C2e2 started today and i totally forgot to get passes or some kind of ticket to get in. i feel like a mixture between goof ball and whatever.
How do i describe it? on one hand i feel like i should be there and on the other I don’t see a point in going there with out having a table. last year i got a pro pass and it was a complete waste of time. All I did was go around and spend money for 3 days. It was dope to get to meet people and chat but at the end of it you feel like you need to support these people and i just wanted to chit chat and net work. ugh plus I went by myself which is never fun to do. I don’t really regret not going, Ill prolly get a sunday pass. Im sharing a table at heroes con anyway and need to prepare for that.
goddamn i got some much fucking work to do and i still need more money. this lifestyle is fucking hard some days. well actually alot of days. its something i dont want to admit but fuck its hard. its great because every day im getting better and better at this shit but my wallet is hurting. i need more jobs, i need to work faster but now i cant fuck up and make shitty work. people are paying me. my rent is due at the end of every month and i need to save for taxes. its very troubling and trying to figure out ways to navigate this thing is so hard. but holy fuck. I inked two pages today of my new comic and they look great. i slapped a lil bit of tones on top of em and they look pretty cool. now my hand hurts and ive been doing a little bit of day drinking but today fucking ruled. i just have to figure out how to letter these pages in clip paint studio which im dedicating to elarning this year instead of photoshop. i mean this program is literally meant to be used for image making. i need to take advantage of it.

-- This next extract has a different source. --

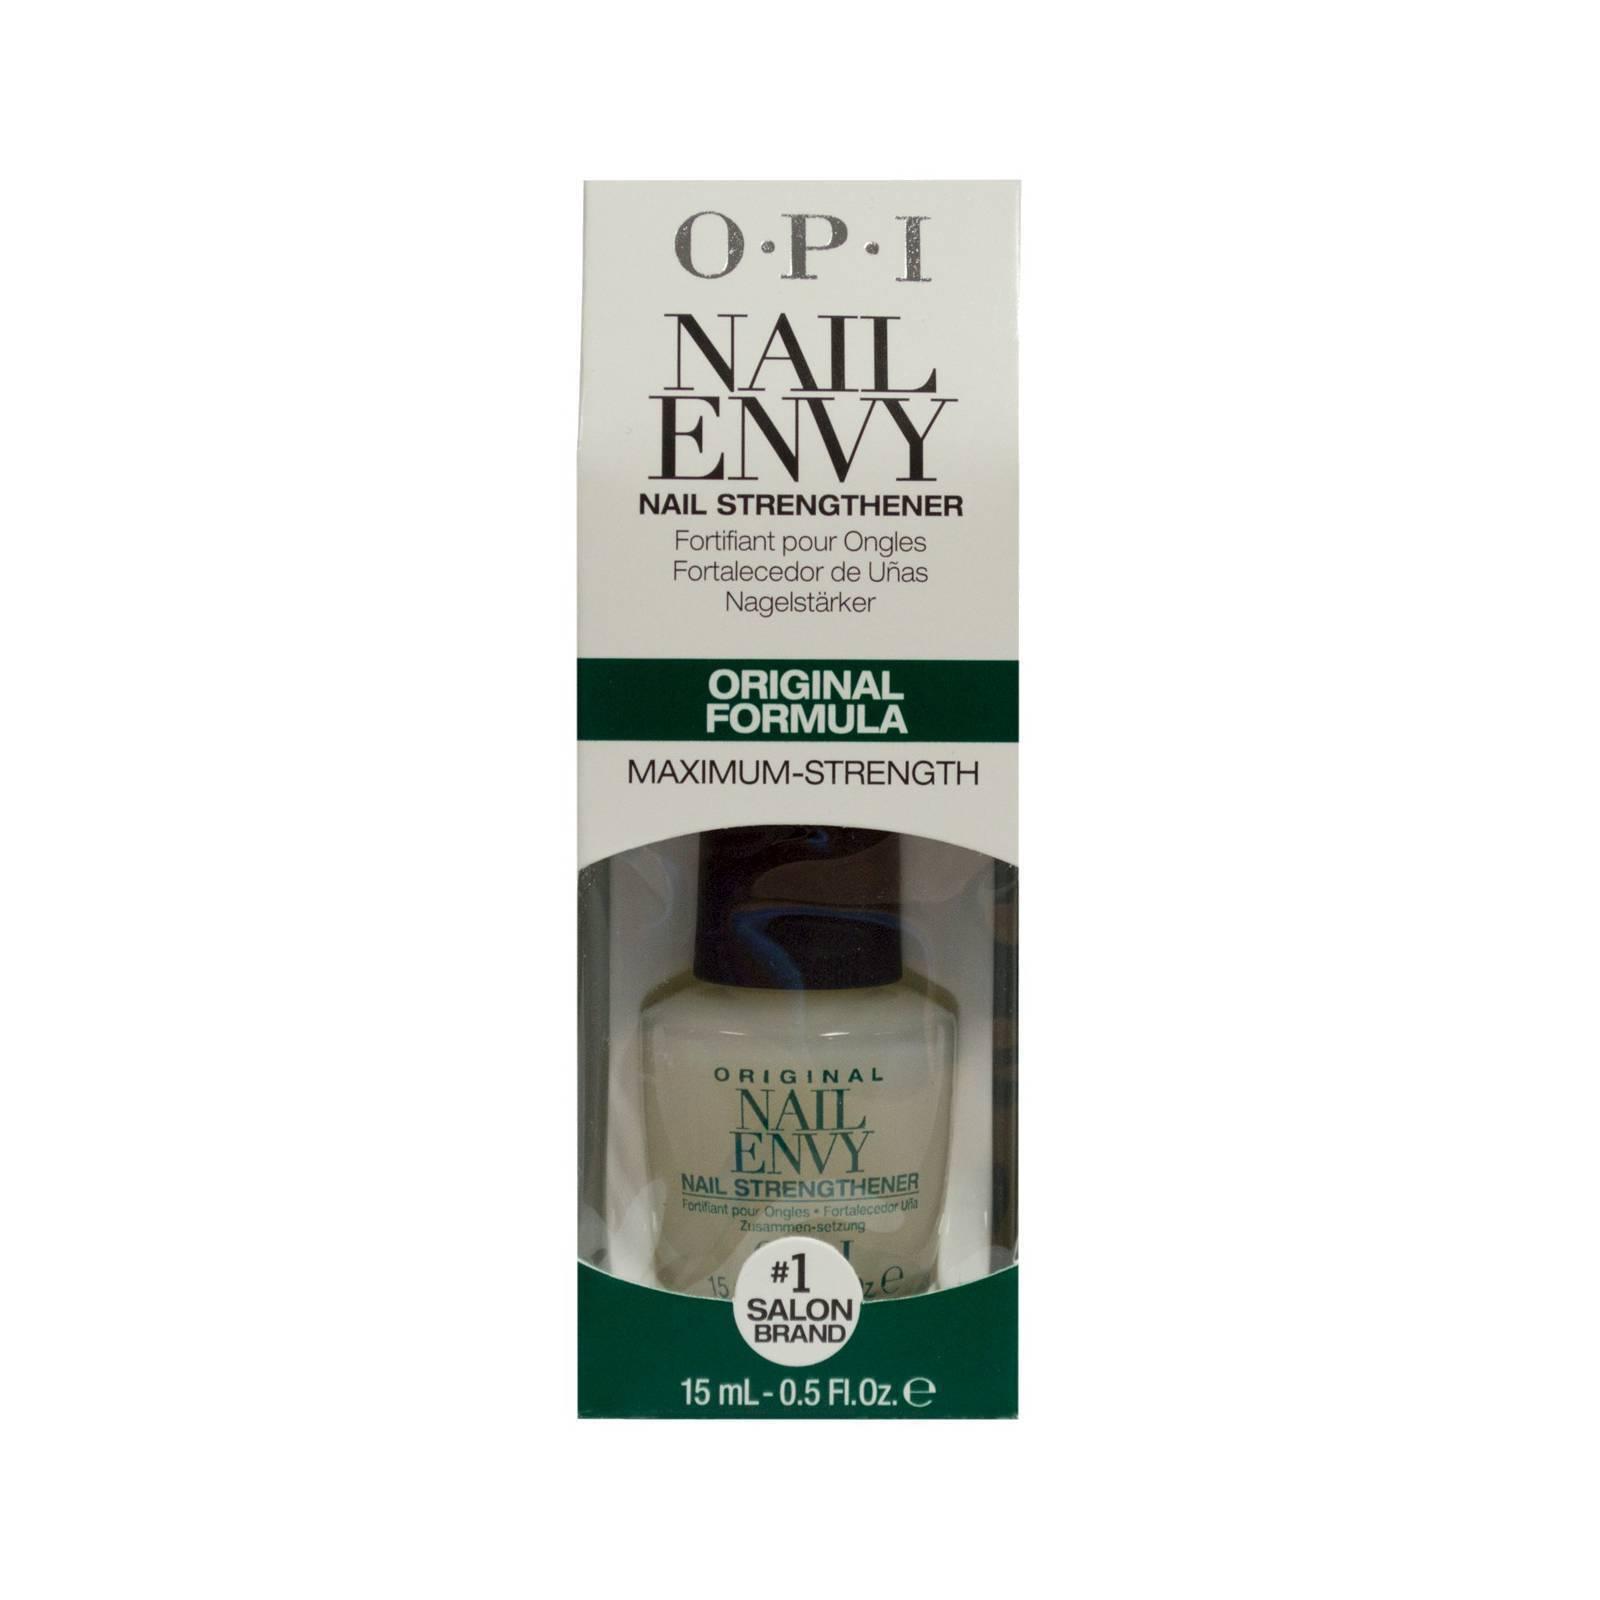 OPI Nail Envy Strengthener Original 15ml | eBay
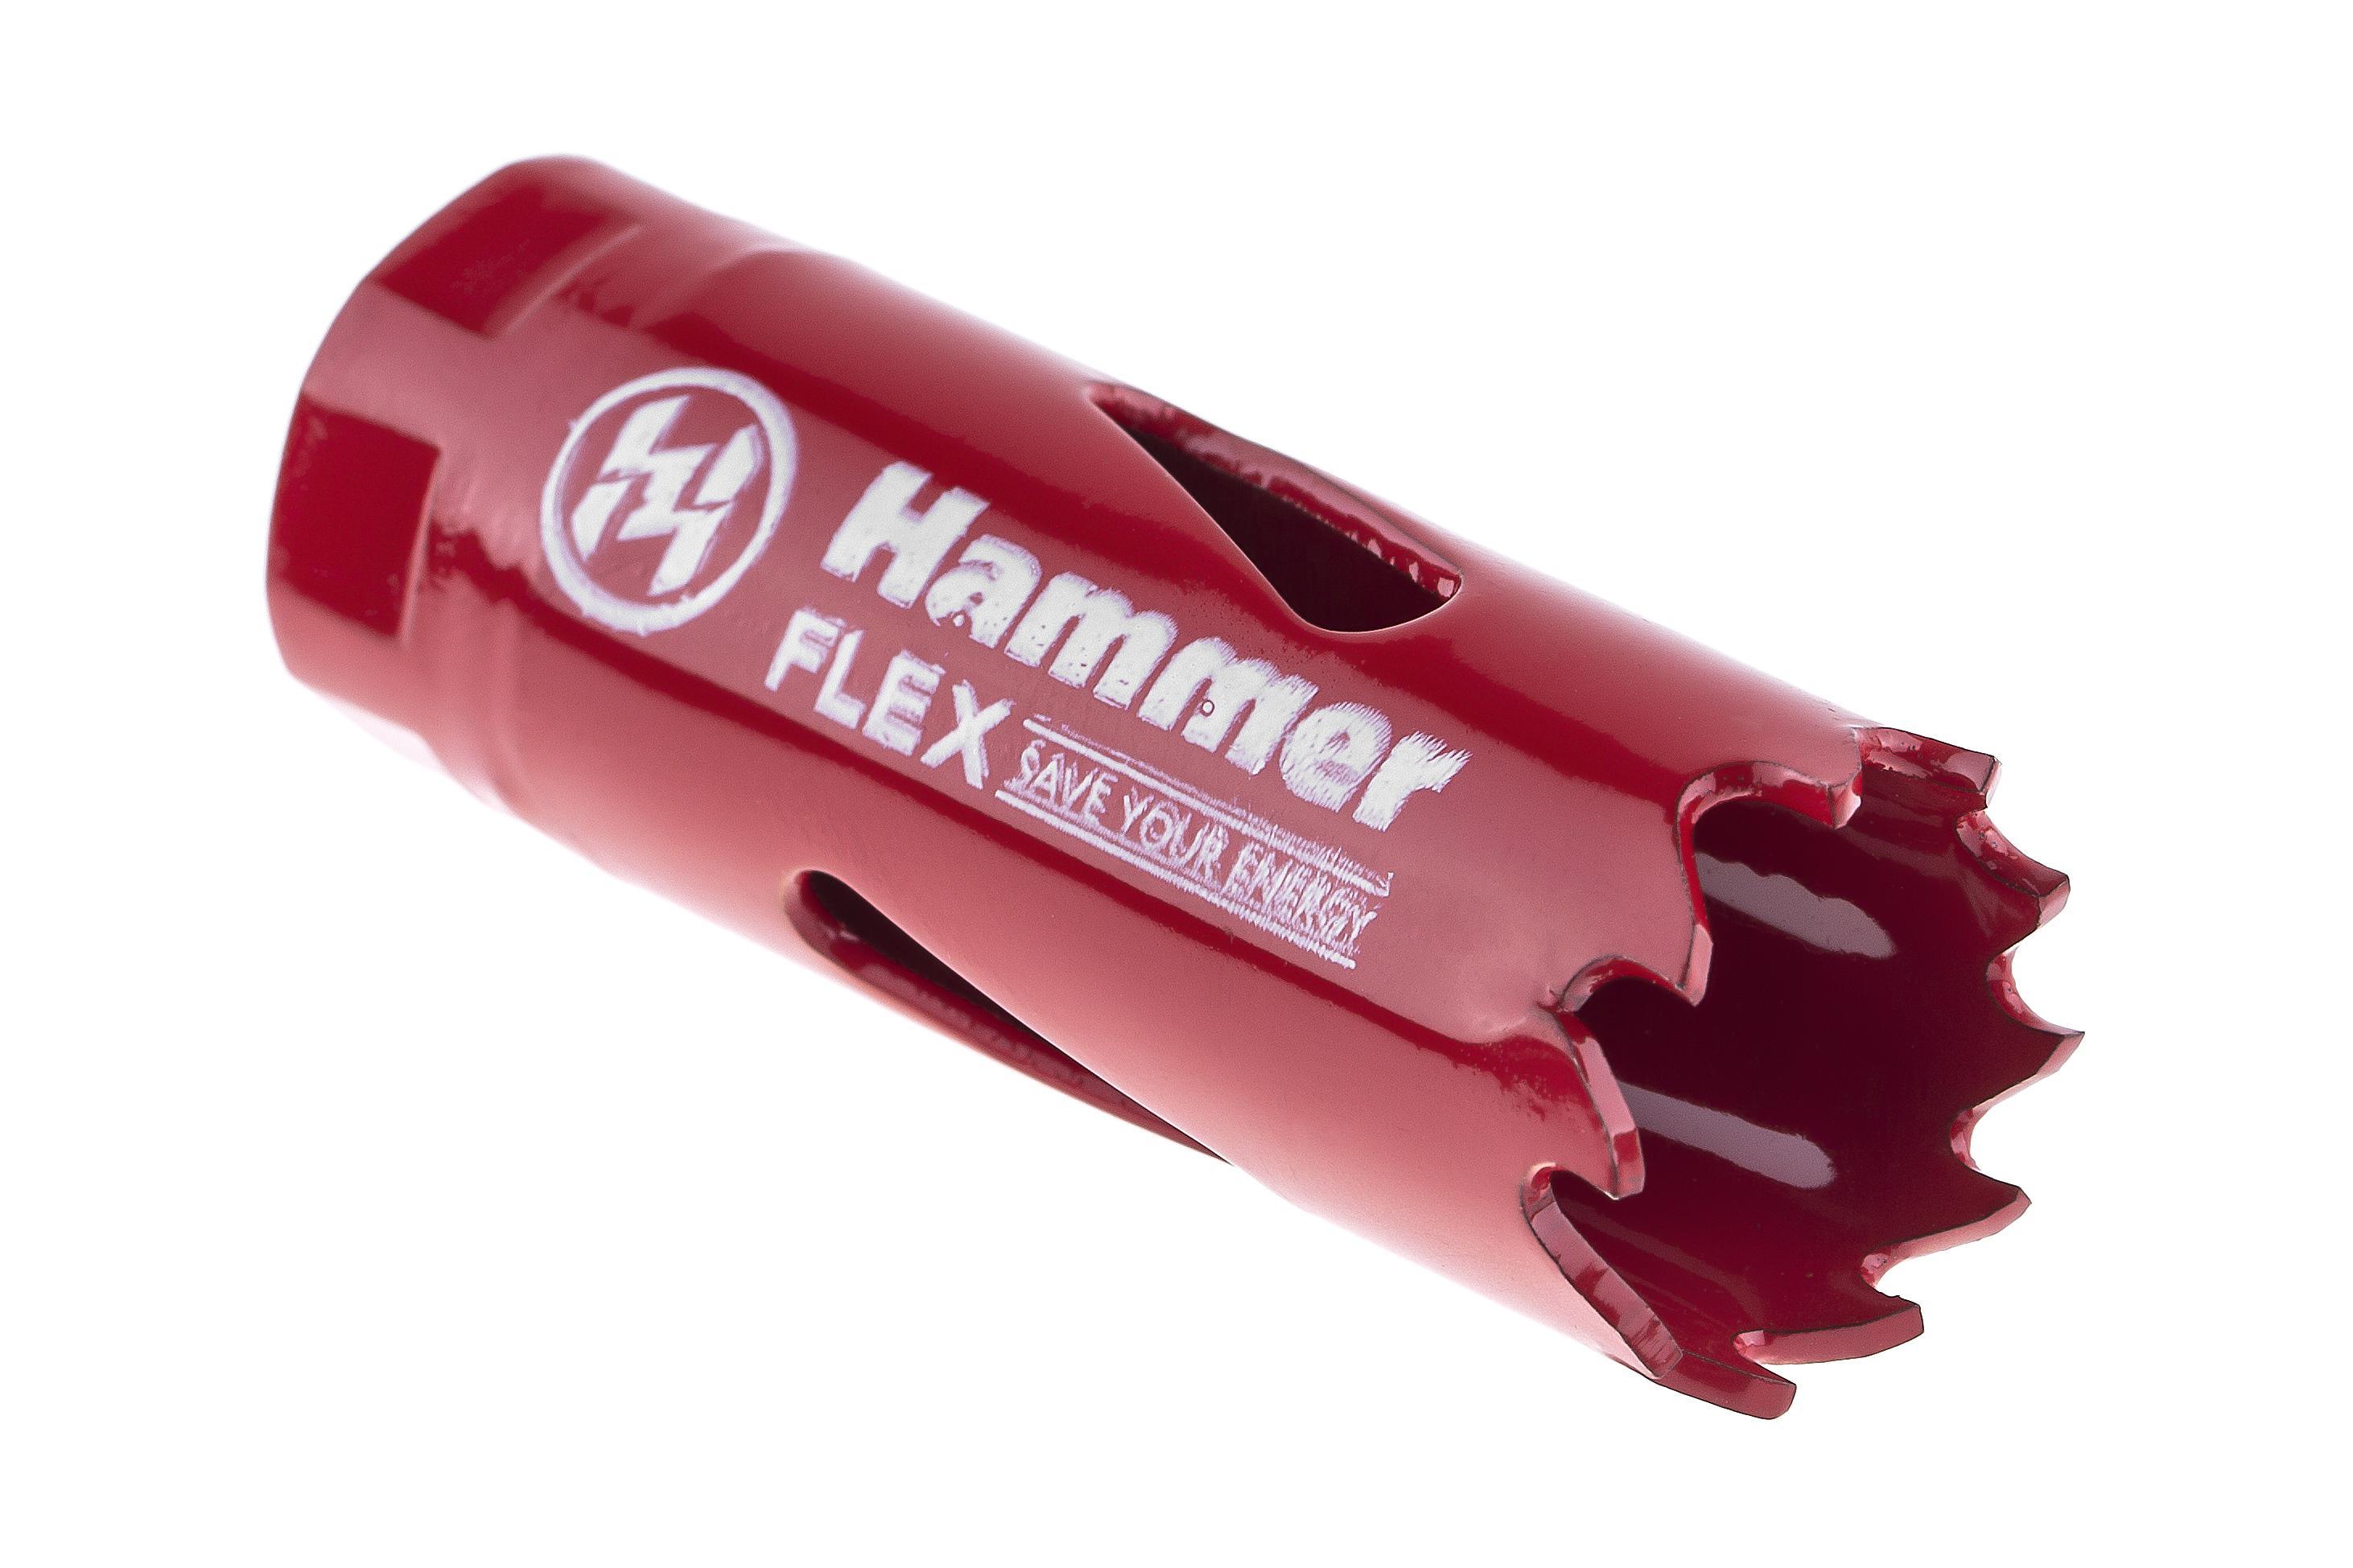 Коронка биметаллическая Hammer 224-001 bimetall 19 мм адаптер hammer 224 017 33683

god i want to get better at life. i want to get better at adulting. i hate that i can only focus on one thing at a time. i wish i was super human. anyway.
tomorrow i need to scan in urges, plus the two new pages i finished. i need to work up some drafts for the gundam commissions cause i fucked up and didn’t read the email correspondence correctly so i need to start over. i also should start painting a no rush commission. what else. i also need to start thumbnailng a work for hire comic gig that is due at the end of the month. i cant do it. jesus im starting to get overwhelmed. but i can knock it all out. i know i can.